This section is from the book "English Furniture", by Frederick S. Robinson. Also available from Amazon: English Furniture.
It is more important for our subject to know what are the usual decorative shapes to be found upon old oak furniture, than to lose ourselves in the effort to trace them to their original source. The Gothic inspiration which had placed series of pointed arches and window tracery upon our thirteenth, fourteenth, and fifteenth century chests came at length to an end, and very tentatively in England the Renaissance style of classical ornament took its place. The first important work of Italian workmen in architecture was set in hand by Wolsey at Hampton Court in 1515. The influence of these men, and of the great artists, Torrigiano, who came to England in 1512, and has left the traces of his genius in Henry VII.'s Chapel, and Holbein, 1526 - 1543, who as a decorative artist is to be reckoned an Italian, will account for all the most florid and graceful carving and inlay of scroll-work, with elegant leafage and figures, such as may be seen, for instance, upon the panelling of the room from Exeter in the Victoria and Albert Museum.2 All that is suave and flowing may be set down to Italian teaching.
English workmen must have learnt much from the foreigners, of whom they were so jealous, and have turned their lesson to account when Henry VIII.'s quarrel with the Pope, the subsequent change of religion, and the impoverishment of England at Henry's death, helped to drive Italians away. That it was not easy to change from Gothic to classical ornament, the halting design of Gardiner's hybrid chantry in Winchester Cathedral gives a plain indication. If we look at an Italian cassone, such as that very ornate one, No. 3625, in the Victoria and Albert Museum, we find that the mouldings of its lid are worked with the acanthus leaf, such as it is found on the corbel-shaped brackets of English cabinets, bedsteads, and chimney pieces.
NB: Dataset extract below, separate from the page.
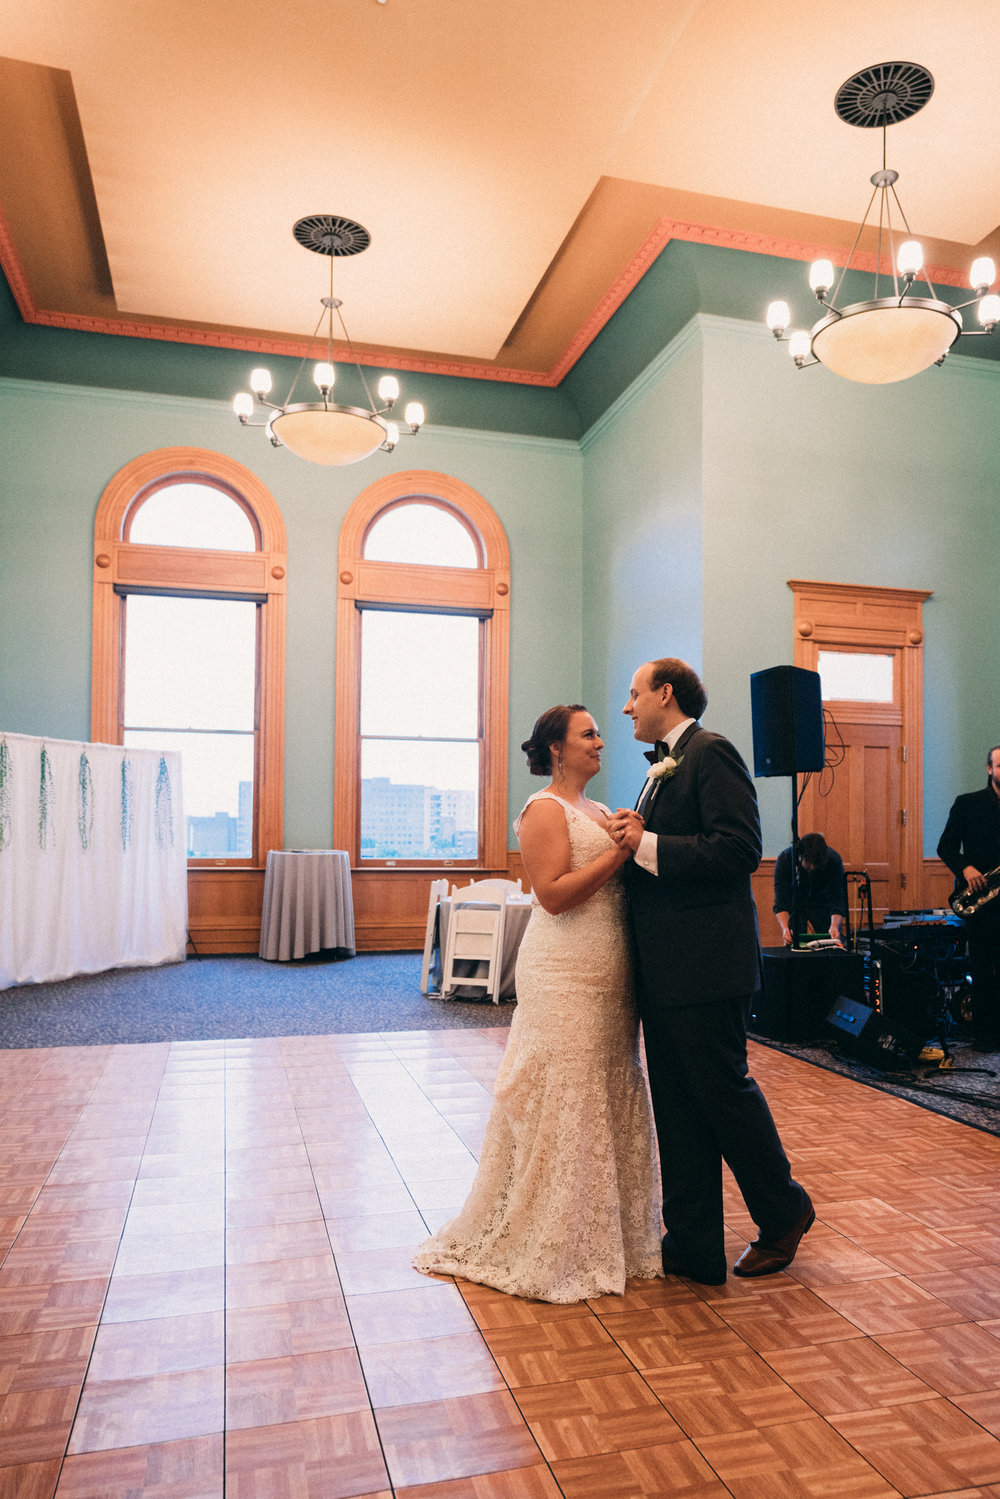 AEPHOTO_Sam+Gabrielle_Married-29.jpg

On the edge of the lid is a form of the reed and flute, with the dart included, somewhat similar to that on a string-course of Kirby Hall, Northants, and more elaborate than one which runs over the windows of Apethorpe in the same county. The front of the chest has a bold scroll-and-leaf pattern, with masks at the ends, and will remind us of the panelling of the Exeter room in the same museum.
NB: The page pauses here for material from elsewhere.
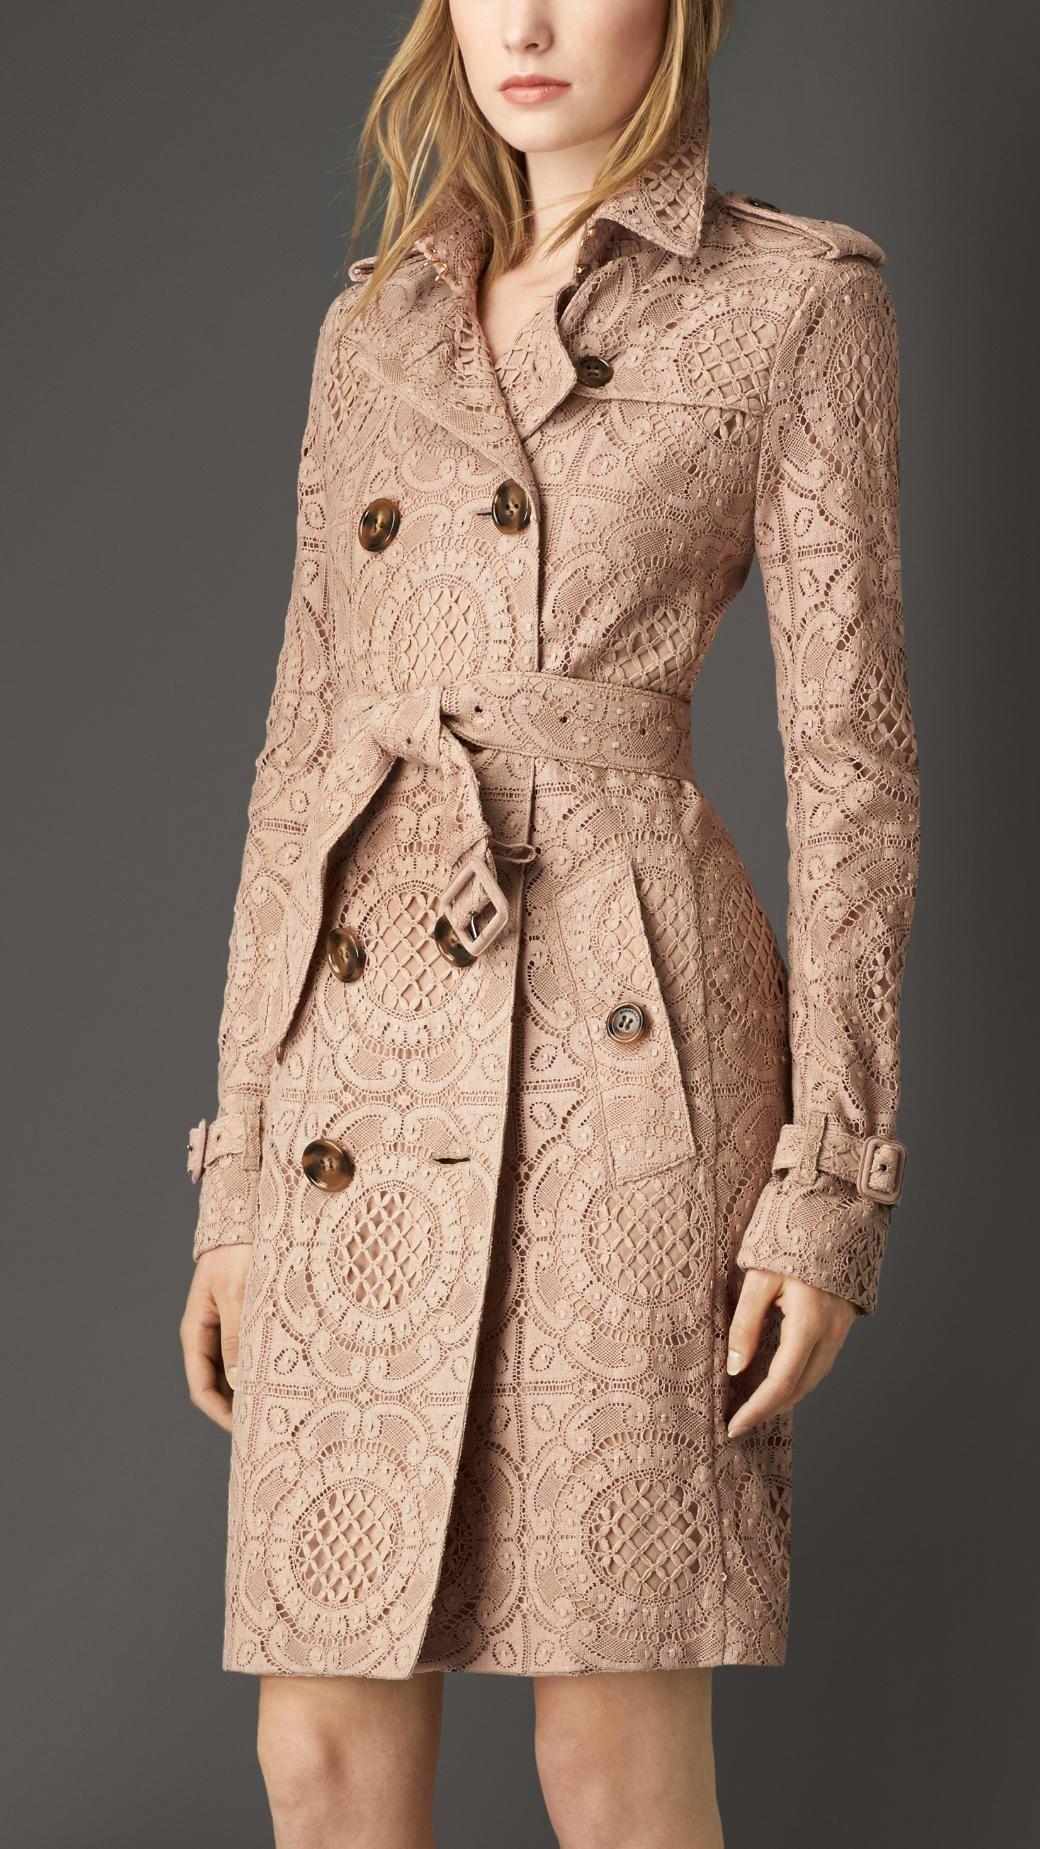 Jaqueta feminina preta Parka impermeável, casaco de chuva

The cushioned plinth of the chest has radiating voluted shapes, more beautiful than, but still resembling, the usual gadroons of the legs and frames of English long tables and the legs of beds. Its corners are treated with the acanthus exactly as that is found to vary the end of the cabinet drawers or the framing of a table. Finally, between the massive supporting lions which form the feet is a central ornament, composed of S-shaped curves on each side of a satyr mask. These same S-curves, with often a mask between them, form the top of the back in scores of English solid-backed oak chairs. There is in the museum a Venetian chair elaborately carved, and of the peculiar general shape which confined itself to Italy, fortunately for our comfort not commending itself to England. In this the S-curves are a prominent object. There is in the same place another Venetian chair (No. 1538), with spiral-turned legs and stretchers and straight back, the type of which did, later on, for its simple utility, become very prevalent in England when Cromwell was Protector. This is upholstered on seat and back with Venetian brocade, the ornament of which is these same S-curves as they appear upon hundreds of panels of English oak.
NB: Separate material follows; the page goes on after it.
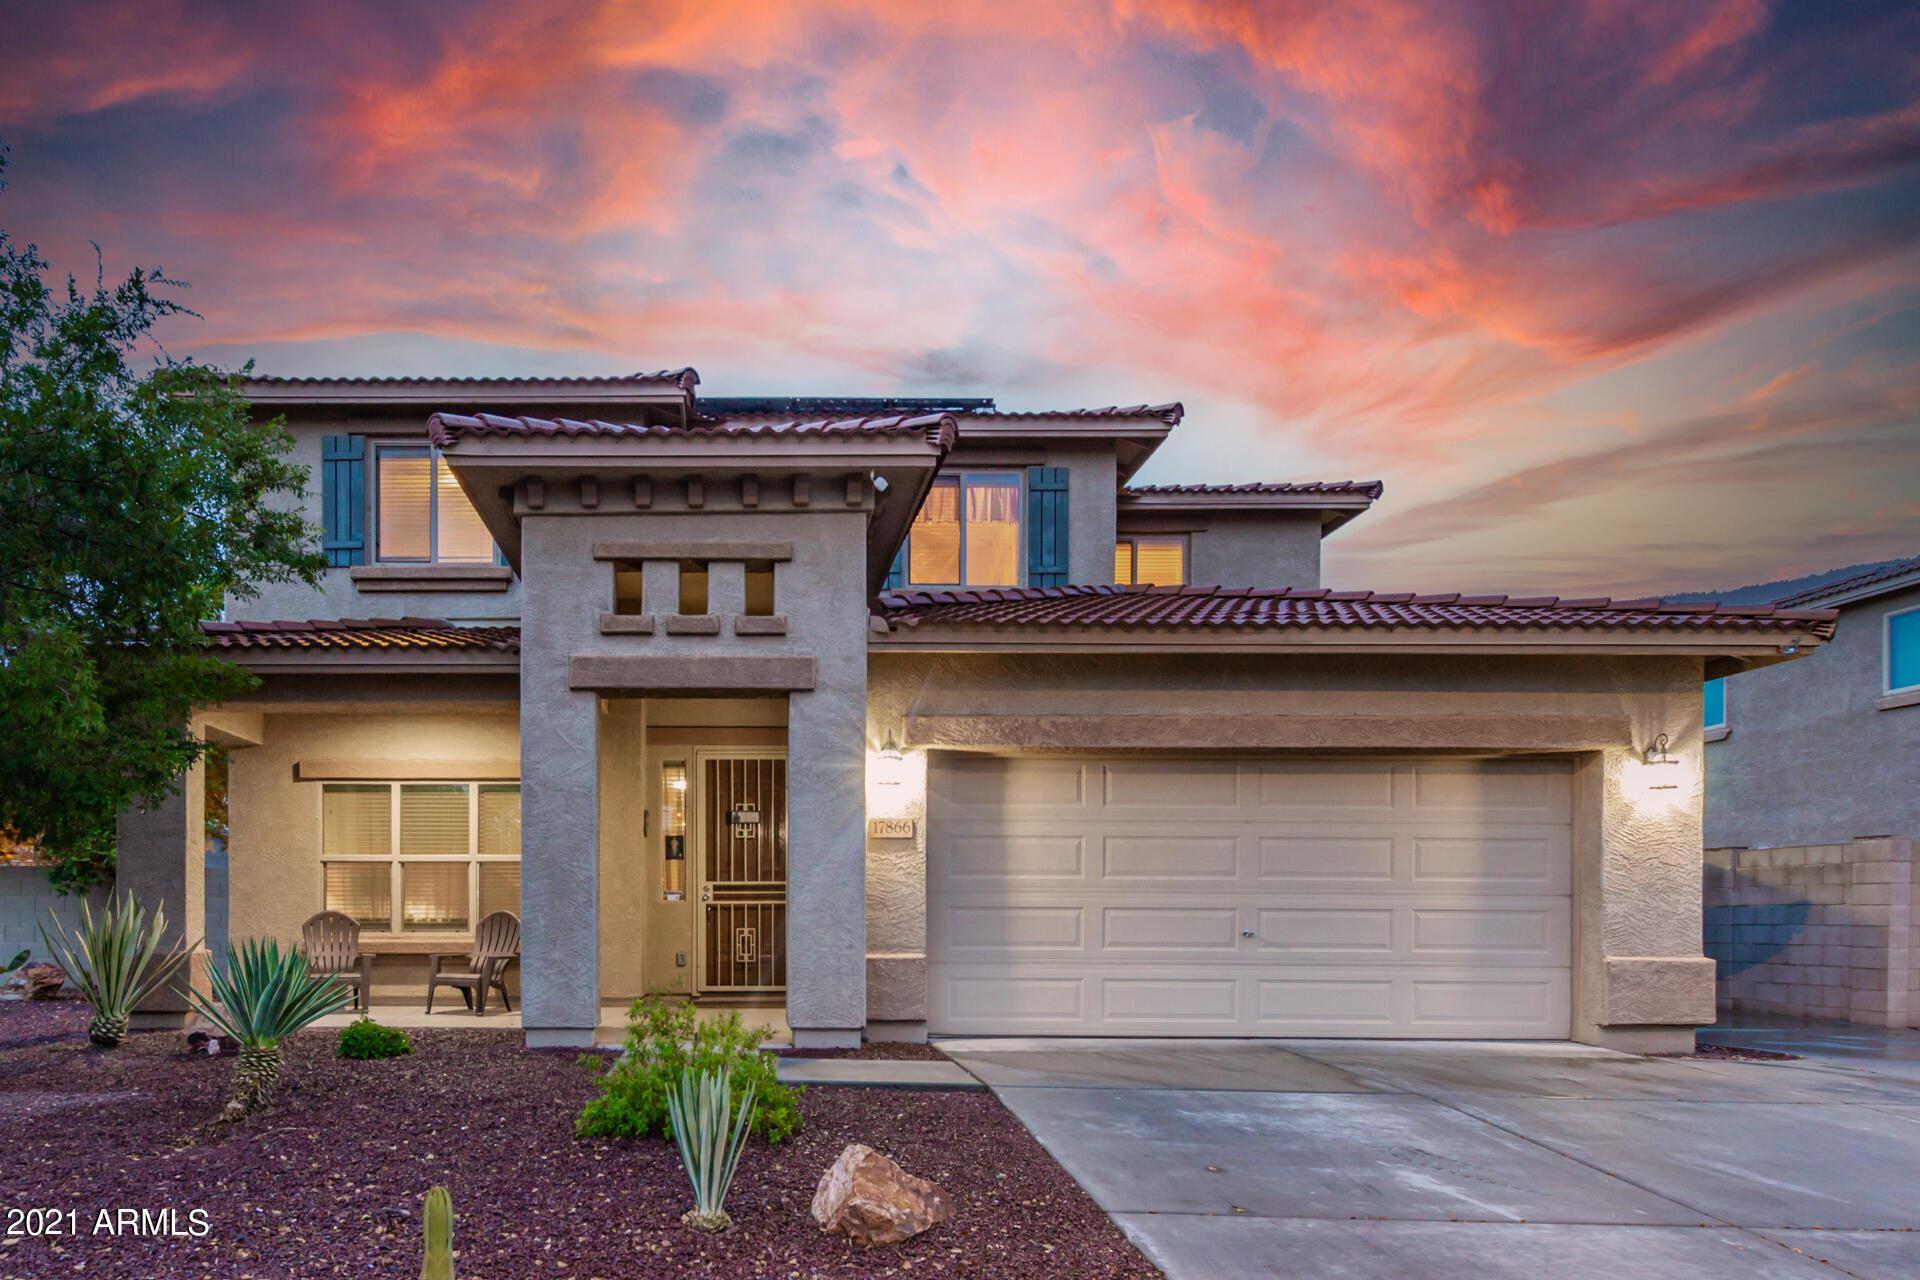 17866 W DESERT Lane, Surprise, AZ 85388 - MLS#: 6285541

The figures, male and female, on many English beds and chimney pieces, with terminal 1. shapes below, are also Italian in origin, but perhaps we derive some of them through Flemish and German channels. At any rate, in most of our English work they have a grotesque portliness which is scarcely classical.
1 Date of his coming to England.
2 Plate xv.

Plate XV. Oak Panelling From Exeter 1600 Circa.
xv. Oak Panelling, from Exeter. 1600 circa. V. & A. M.